Suicide prevention is everyone’s business, and everyone has a role to play in reducing Veteran suicide. To these ends, VA research, program evaluation, and clinical operations overlap with all areas of the VHA healthcare system, including primary care, women’s health, whole health, emergency medicine, mental health, and caregiver support, to name a few. We are grateful for the research sponsored by HSR&D that informs improved processes for suicide prevention and barriers to changes in the healthcare delivery system that impact these efforts. Further research attention on best practices to inculcate suicide prevention in VHA and community-based providers would inform our continued efforts.

Additionally, suicide prevention intersects with the benefits and services provided to Veterans and their families through the Veterans Benefits Administration. To date, we have little understanding of how these benefits and resources mitigate or exacerbate risk or how they interact with other benefits, treatments, and resources to reduce suicide. We have been asked to understand and quantify the protective value of these benefits on suicide risk. Increased collaborative research with health economics would improve our ability to answer such questions.

Over 70 percent of Veteran suicides are completed with a firearm.3 Securely storing firearms and medications during times of distress and crisis saves lives. We know that access to firearms increases the risk for death by suicide. However, we have much to learn to improve the application of secure storage of firearms and medications. Although secure storage has been found to be effective, resistance to secure in-home and out-of-home firearm storage is widespread. Effective messaging to Veterans has remained elusive. Further research can inform our campaigns, messaging, and strategies to amplify lethal means safety to Veterans.

Training and education are a primary focus for SPP. We appreciate ongoing and continued research attention to the study of gatekeeper trainings (VA S.A.V.E), Skills Training for the Evaluation and Management of Suicide (STEMS), and lethal means safety training. Previous research has identified numerous barriers for providers across the VA enterprise to learn and incorporate suicide prevention into their routine practice. We look forward to developing and testing innovative training methods and options to address these barriers and to inculcate suicide prevention into everyday activities.
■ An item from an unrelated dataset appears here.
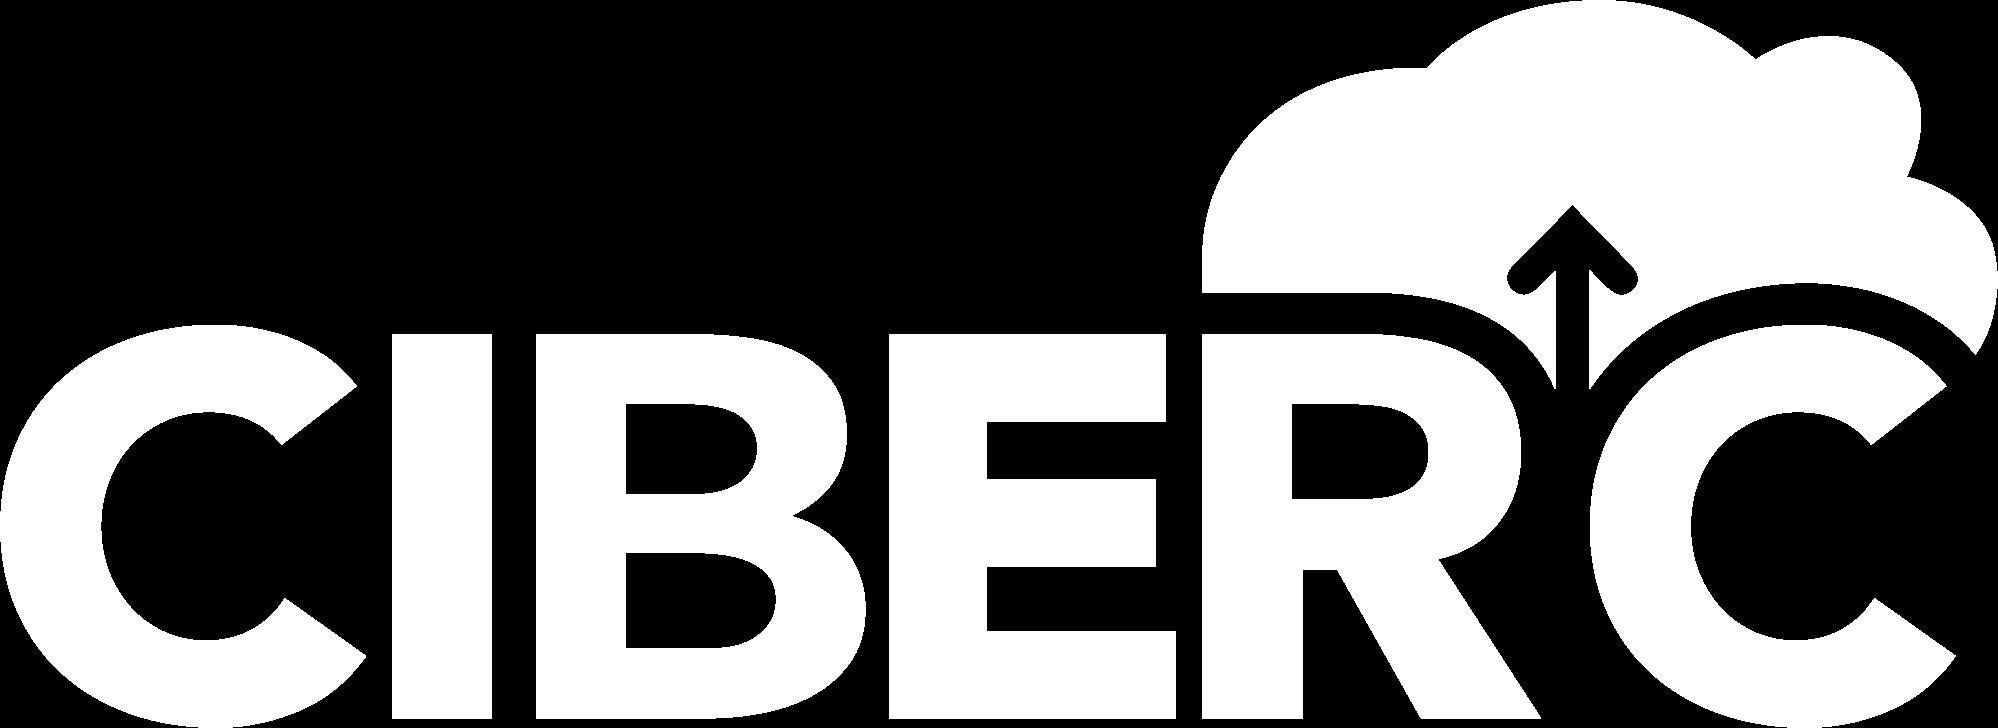 Newsletter CiberC
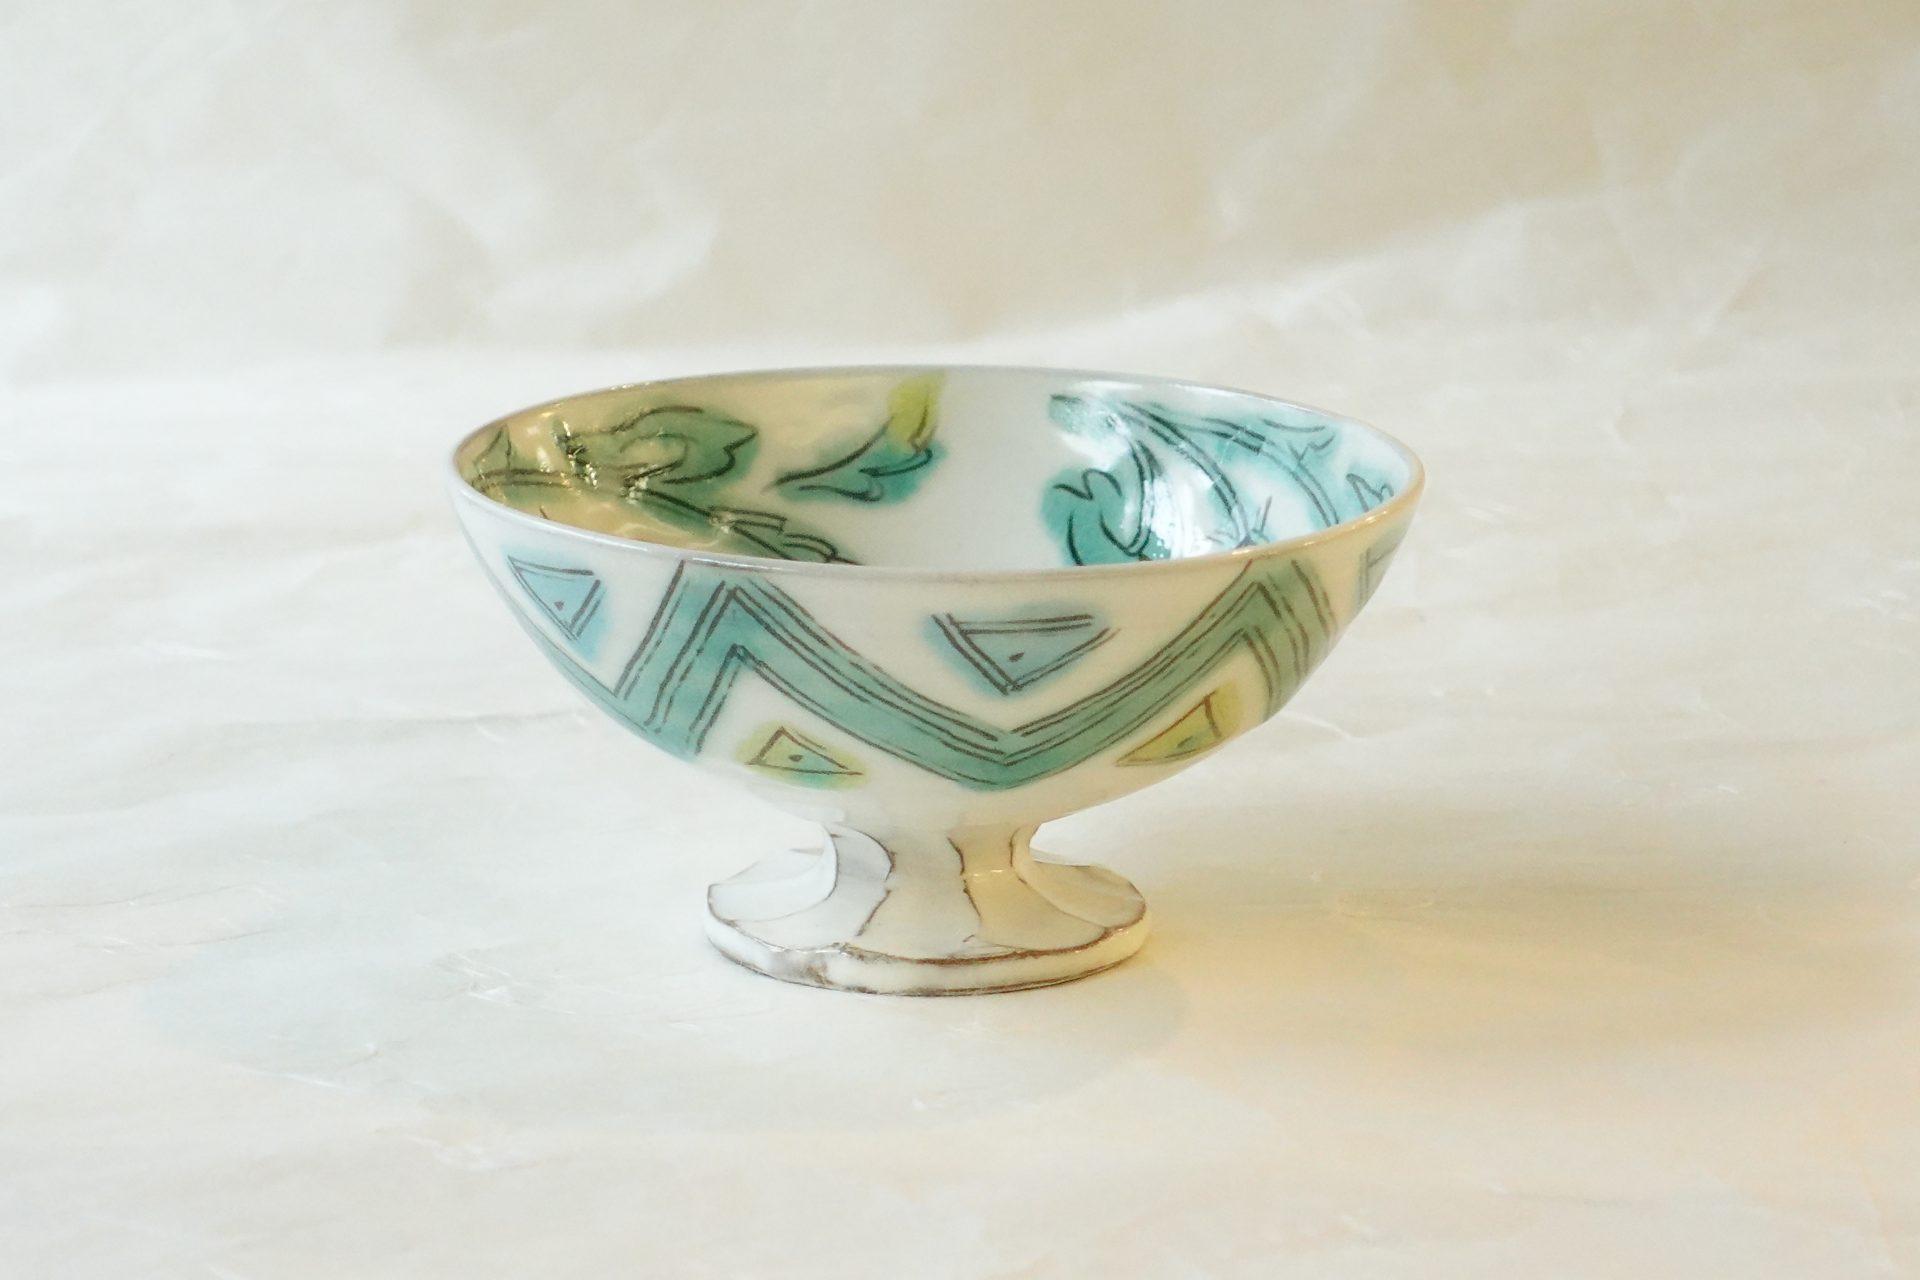 陶器 清水焼 野口繁次 釉彩草花文 5寸 高台鉢 白地 手づくり 粉引 さわやか 緑色 ガラスのよう 幾何学模様 足付き 特別感 小鉢として デザート 貫入 きれいな器

Technological advances can add value to our suicide prevention efforts. Numerous innovative and novel opportunities, including use of artificial intelligence, machine learning and natural language processing, virtual reality, and computer-based assessments, are under development in the private and public sectors. However, further study is needed to determine return on investment in bringing these innovations to practice.

As we know, the pace of science can be slow. SPP welcomes the opportunity and advantages of the Suicide Prevention Research Actively Managed Portfolio (AMP). We look forward to the ongoing collaboration, flexibility, and adaptability this AMP will provide to our operational priorities. We need nimble and responsive interaction between our research endeavors and our operations priorities to save the lives of Veterans. We do not have time to waste. Suicide is preventable.

Figure 1. Key Tenets of Suicide Prevention
  1. Liu S, Morin SB, Bourand NM, et al. “Social Vulnerability and Risk of Suicide in US Adults, 2016-2020,” JAMA Network Open 2023;6(4):e239995.
  2. Simonetti JA, et al. “Characteristics and Injury Mechanisms of Veteran Primary Care Suicide Decedents with and without Diagnosed Mental Illness,” Journal of General Internal Medicine 2020 Mar 26 ;online ahead of print.
  3. U.S. Department of Veterans Affairs. (2022). 2022 National Veteran Suicide Prevention Annual Report. pdf.